#### WHAT IS EXPECTED
Reproduce exactly the lines from the one containing "Plage d'Esigna, Sagone, Corsica, France" through the end of the listing, minus the pictures.

#### INFORMATION SUPPLIED
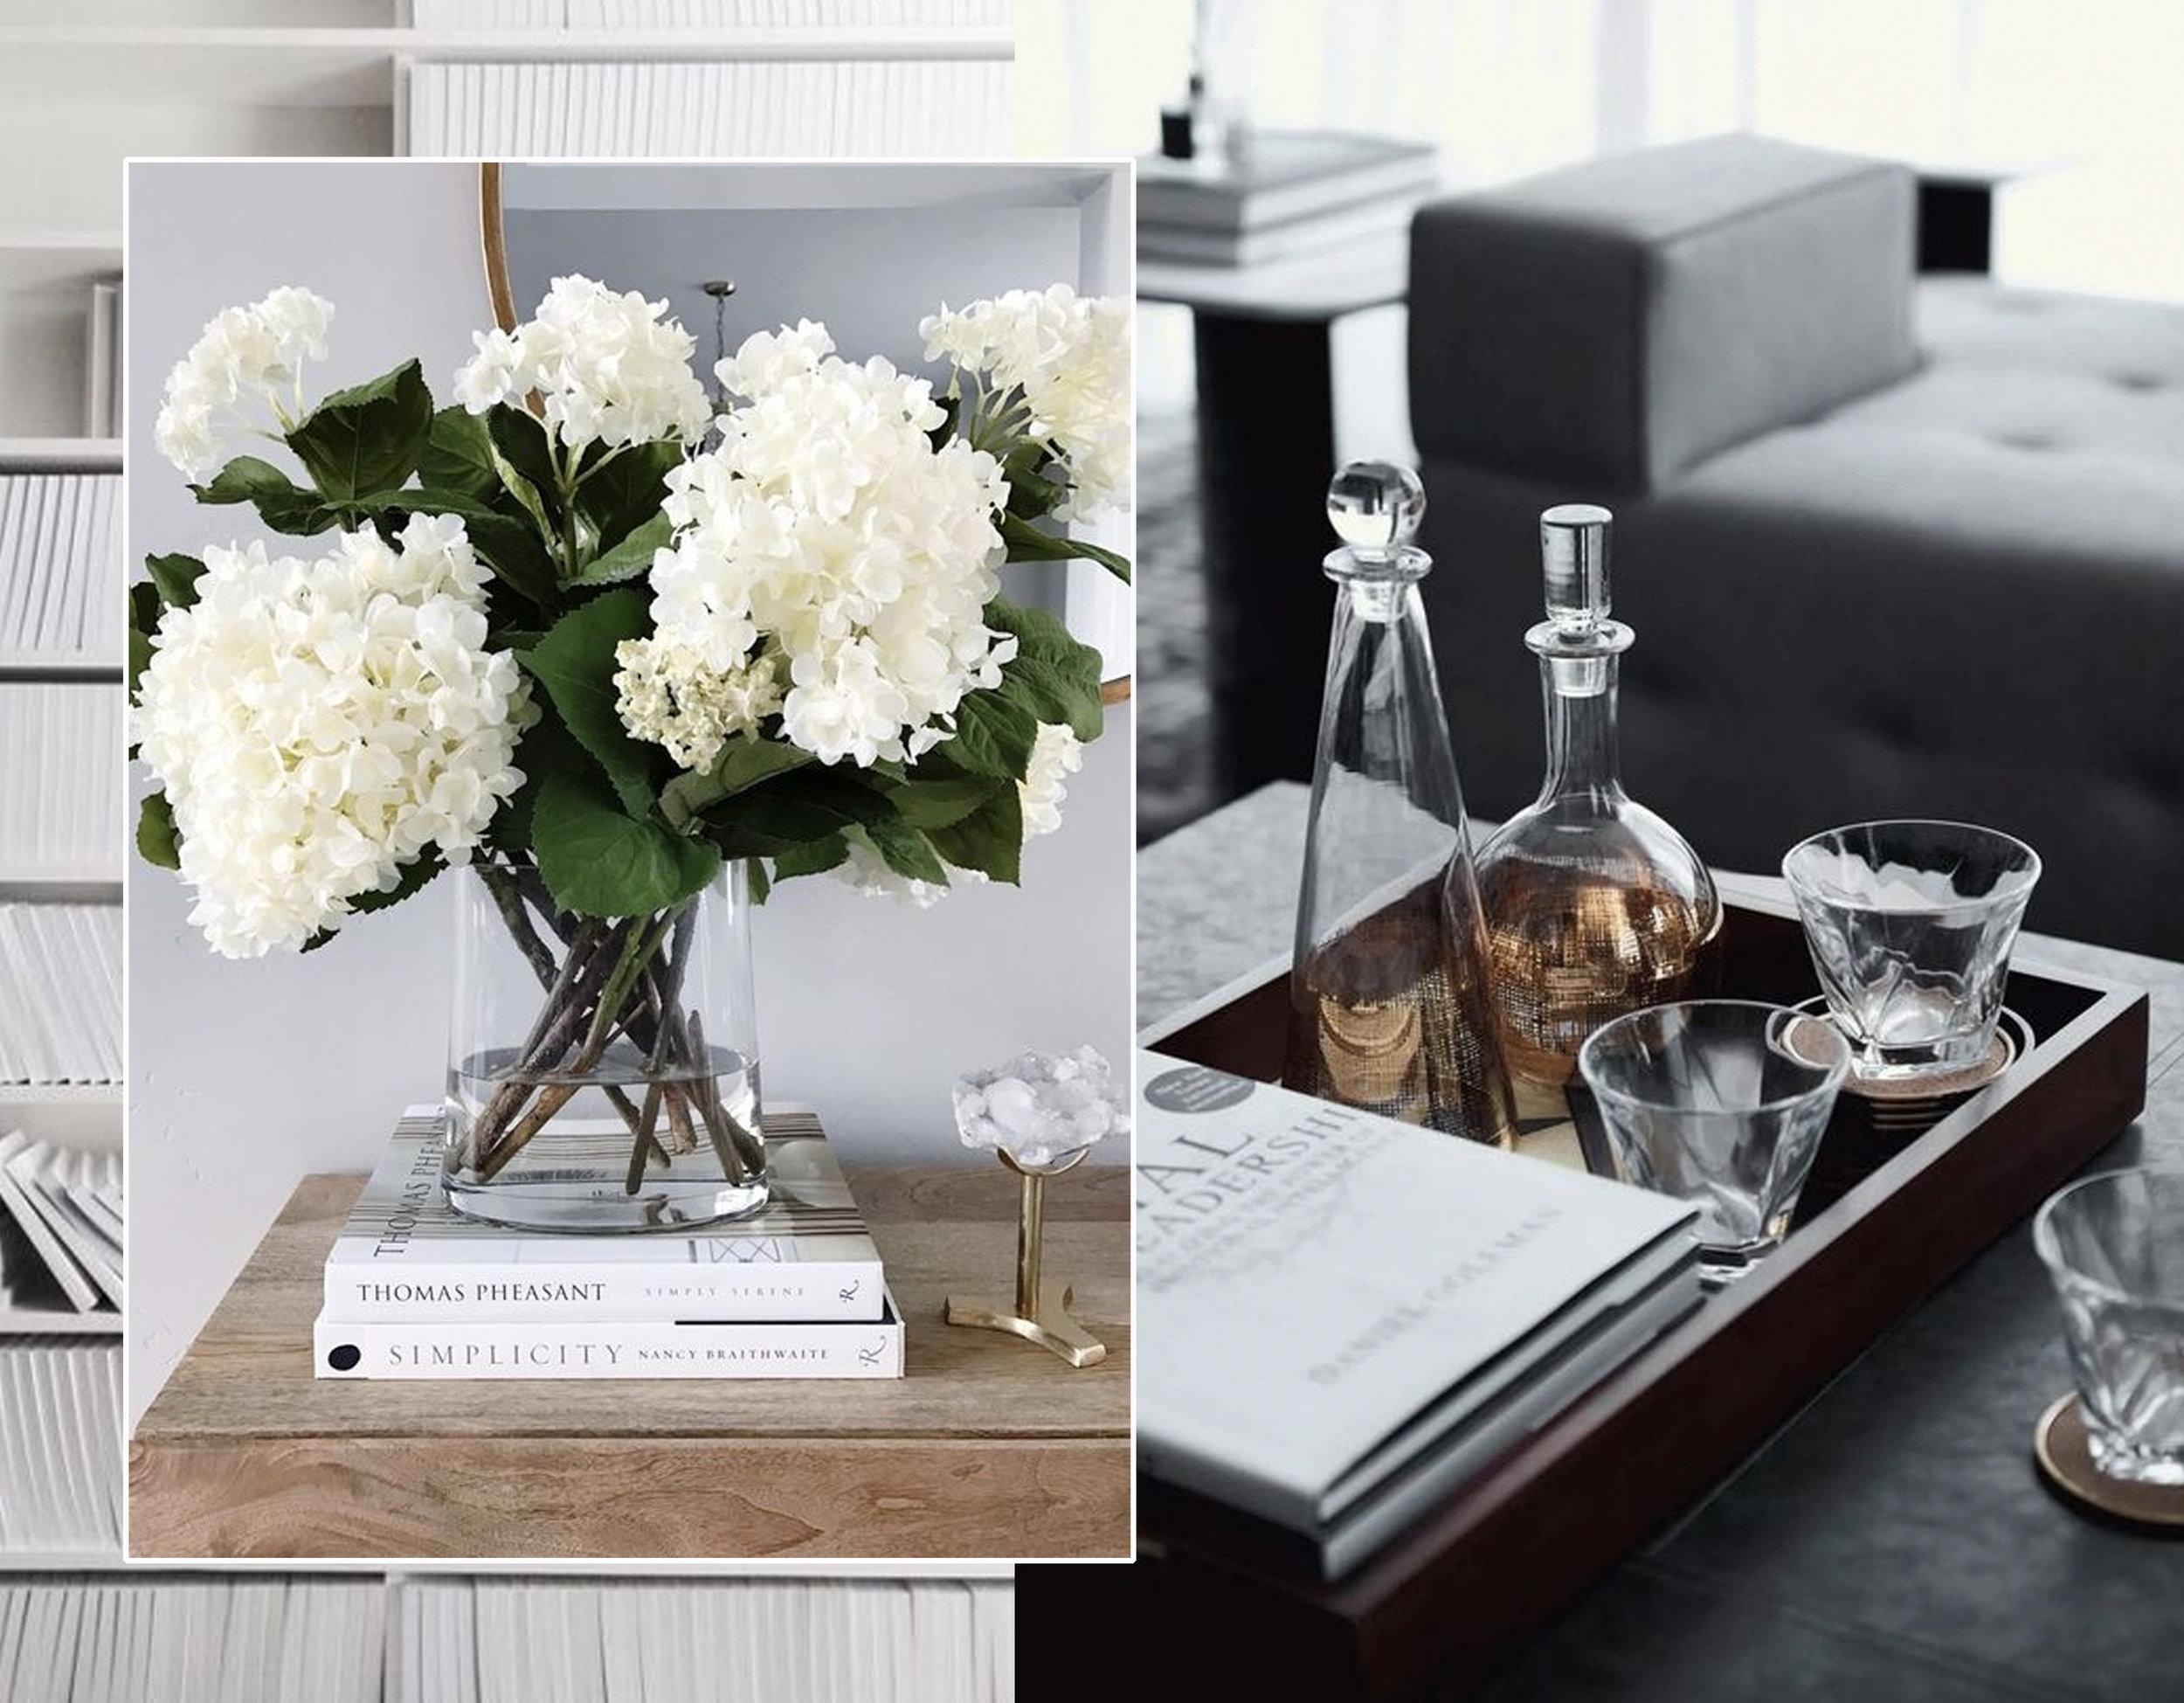 decorating with flowers via  Maison de Cinq  - decorating with carafes via  Hoate
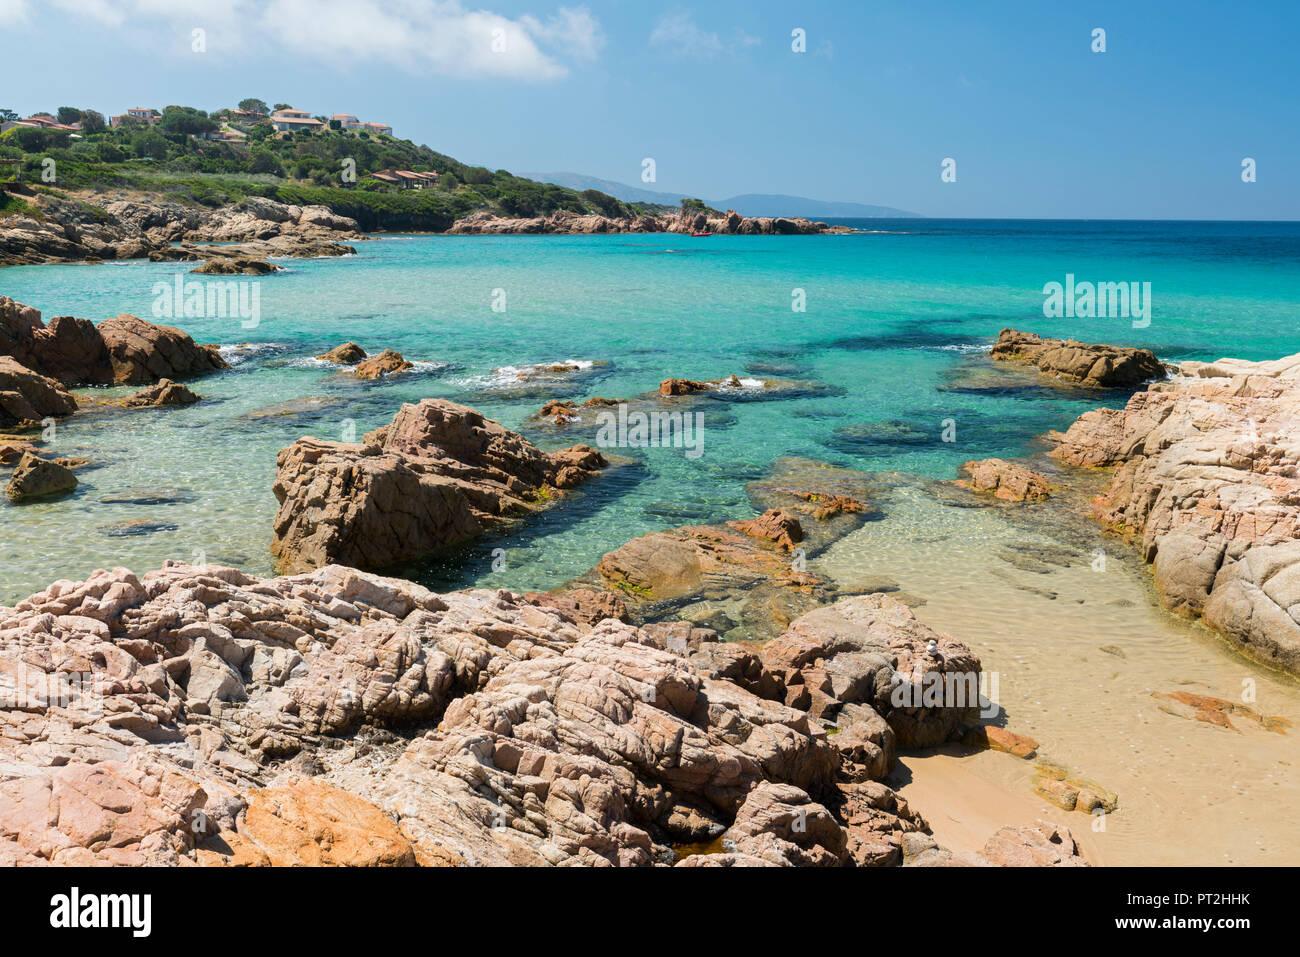 Plage d'Esigna, Sagone, Corsica, France - Stock Image
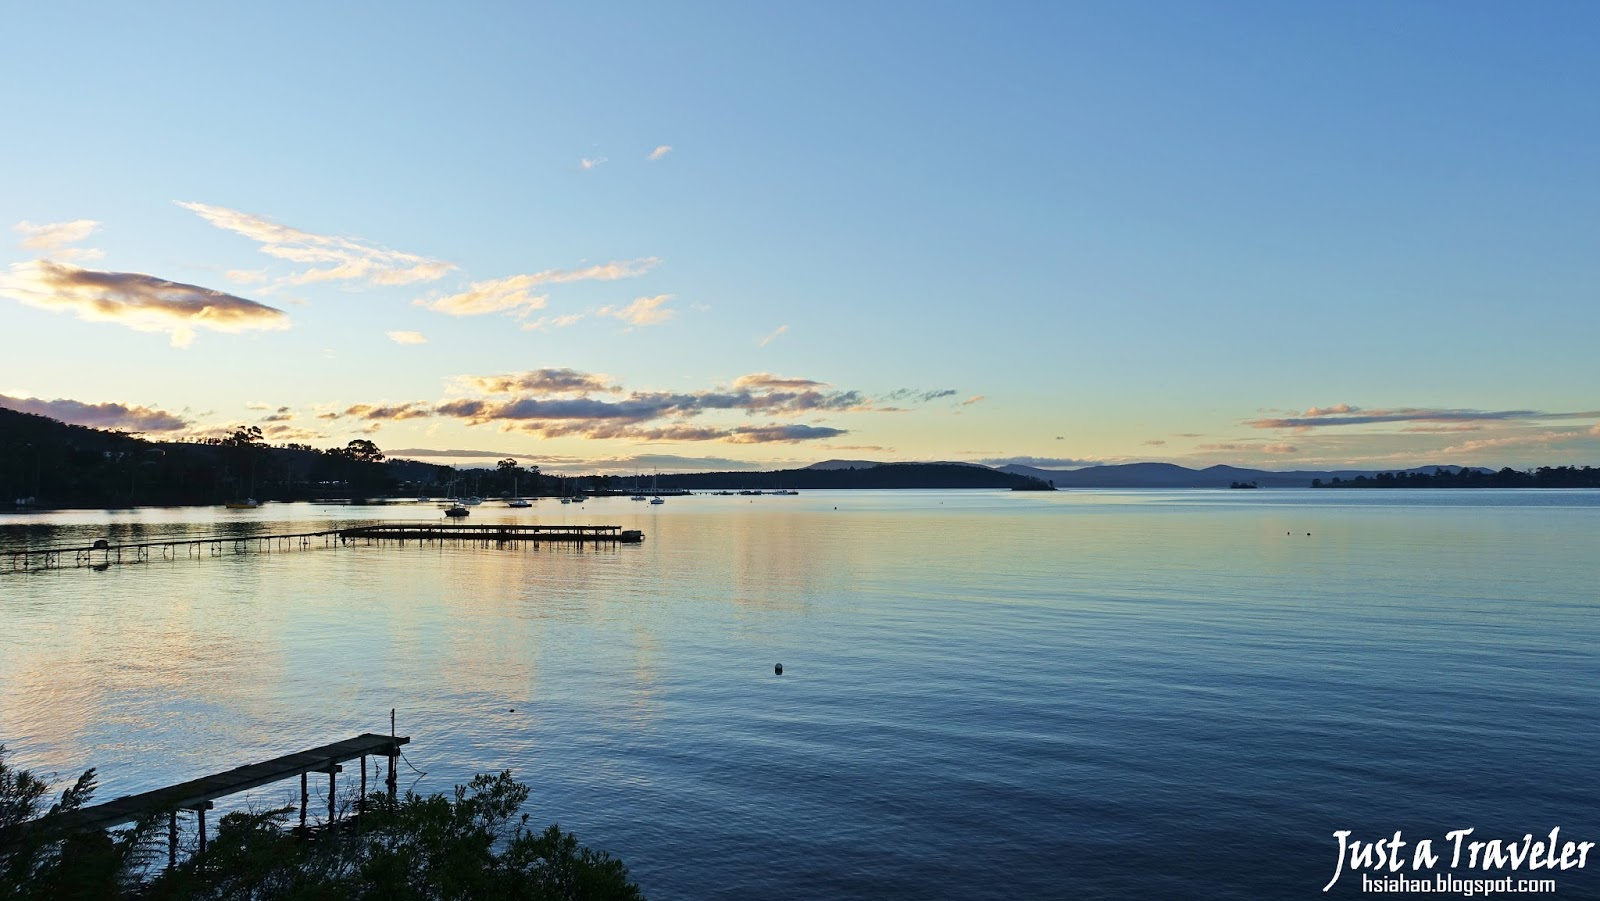 塔斯馬尼亞-景點-推薦-湖泊-Lake-旅遊-自由行-澳洲-Tasmania-Tourist-Attraction-Travel-Australia

#### ANSWER BOX
 Plage d'Esigna, Sagone, Corsica, France - Stock Image
 塔斯馬尼亞-景點-推薦-湖泊-Lake-旅遊-自由行-澳洲-Tasmania-Tourist-Attraction-Travel-Australia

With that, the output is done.